As en example: a MIX type syntax can separate classes and class-methods into different files, and combine them back again. This way moving a class method around in a class won't be seen as removing a method and creating a new one: the file give the specific method an identity, and a method of differentiating between code movement and code alteration.
- Is there a way to materialize all of the past up to some point, throwing out history in the process, so as to reduce the overhead of CRDT?
- Some CRDT algorithms (really, representations of operations) are better at modeling a user's intent -- rather than "insert 'H' at 101, insert 'e' at 102, ..." and so on, it's "insert 'Hello' between ...". As I'm not familiar with OT, I wonder whether this begins to approach OT... In any case, some of the better CRDT algorithms for text editing tend to require more overhead, which is why the preceding thought.
- I'm much more interested in CRDTs for distributed relational databases, where it's much easier to reason about intent. "Relational" really means "has a well defined, enforced schema", while "text" means "anything goes" -- it's necessarily easier to reason about the former than the latter! Even so, a set of related updates to a relational database may be the complex result of a simpler abstraction -a simpler operation that the user intended- and eventual consistency semantics may ruin that result. One way to deal with that is to centralize certain kinds of operations, but those had better be less essential to business continuity.
- I'm with you on point #1. Obviously could be a source of good research, but also, it probably depends on policy. How many undos do you want to preserve? Even a one-headed VSCode instance only saves so many undos. You could probably hybrid CRDT with a consensus algorithm like raft to perform compactions.
And thanks for the link!
With respect to #3, one reason to prefer CRDTs over OT (even if a central server is required for other stuff) is that making the collaboration infra P2P can save a lot of resources if most of your collab is happening between a few individuals at a time. Not very necessary at a small scale, but if you have 10,000 small teams collab'ing, the cost savings you get from off-loading RTC to the end users can definitely add up.
The downside is the complexity. Now there are more things that can go wrong: the OT algorithm can fail (either due to bugs or because of corrupted data), and now also the distributed consensus algorithm can fail as well. When you have this level of complexity, going to CRDT is pretty appealing as an alternative.
That's not true, you don't need to keep them throughout the session. You can drop them as soon as you either synchronize with other clients or with the server, which can then synchronize with the clients, that's what conflict-free nature of CRDTs allows you to do. The only fundamental requirement is to keep track of changes when you are offline or out of sync until they are sent to others and even then you are supposed to merge those changes into fewer changes keeping disk and memory use down to a minimum.

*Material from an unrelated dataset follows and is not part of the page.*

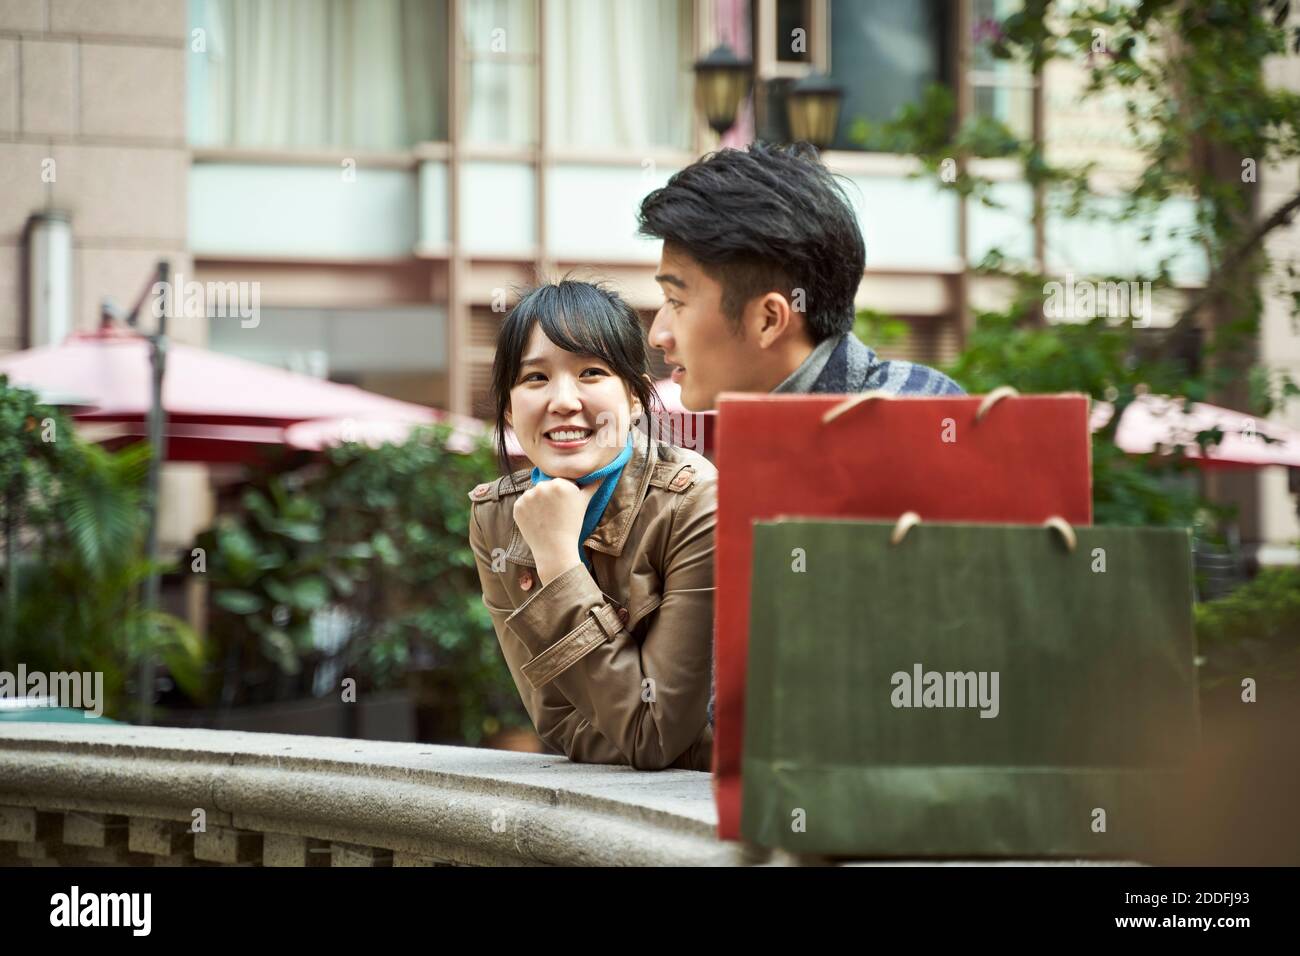 un jeune couple asiatique heureux se détendant pour bavarder à l'extérieur Banque D'Images

> CRDTs were perfect for plain strings and arbitrary key/value pairs. But when it comes to schematic JSON that has semantic value CRDT was an added overhead.
Also not true. They were never perfect for plain strings, even incompatible semantically, but perfect for sets, counters, numbers, where basic commutative math is enough, a few other things and anything that combines those primitives into more complex ones, especially true for schematic structures, tables.
You should really try implementing CRDTs, especially OP-based, they change the way you think about keeping shared state in distributed systems.
> Since the software is primarily a cloud document editor, a central server is necessary even otherwise. So why not use the server for efficient version management and operation sequencing as well? Why chose CRDTs whose bulk of complexity comes from eliminating the need of a central system?
There is zero complexity in CRDTs that comes from eliminating the need of a central system, it's a completely different problem orthogonal to CRDTs. Central systems is where CRDTs are used the most actually.
Say 100 nodes edit a doc. To drop a tombstone, without a central server we need 99 acks. Even with a server, the server keeps an ever-growing list of ops unless it uses some garbage collection techniques. And as stated by OP those techniques have their own problems. Remember, OP relies on V8's hidden classes for deriving an optimal representation without eliminating tombstones. Servers though need not necessarily hold CRDTs in JS. It might be a different VM altogether.
> anything that combines those primitives into more complex ones, especially true for schematic structures, tables.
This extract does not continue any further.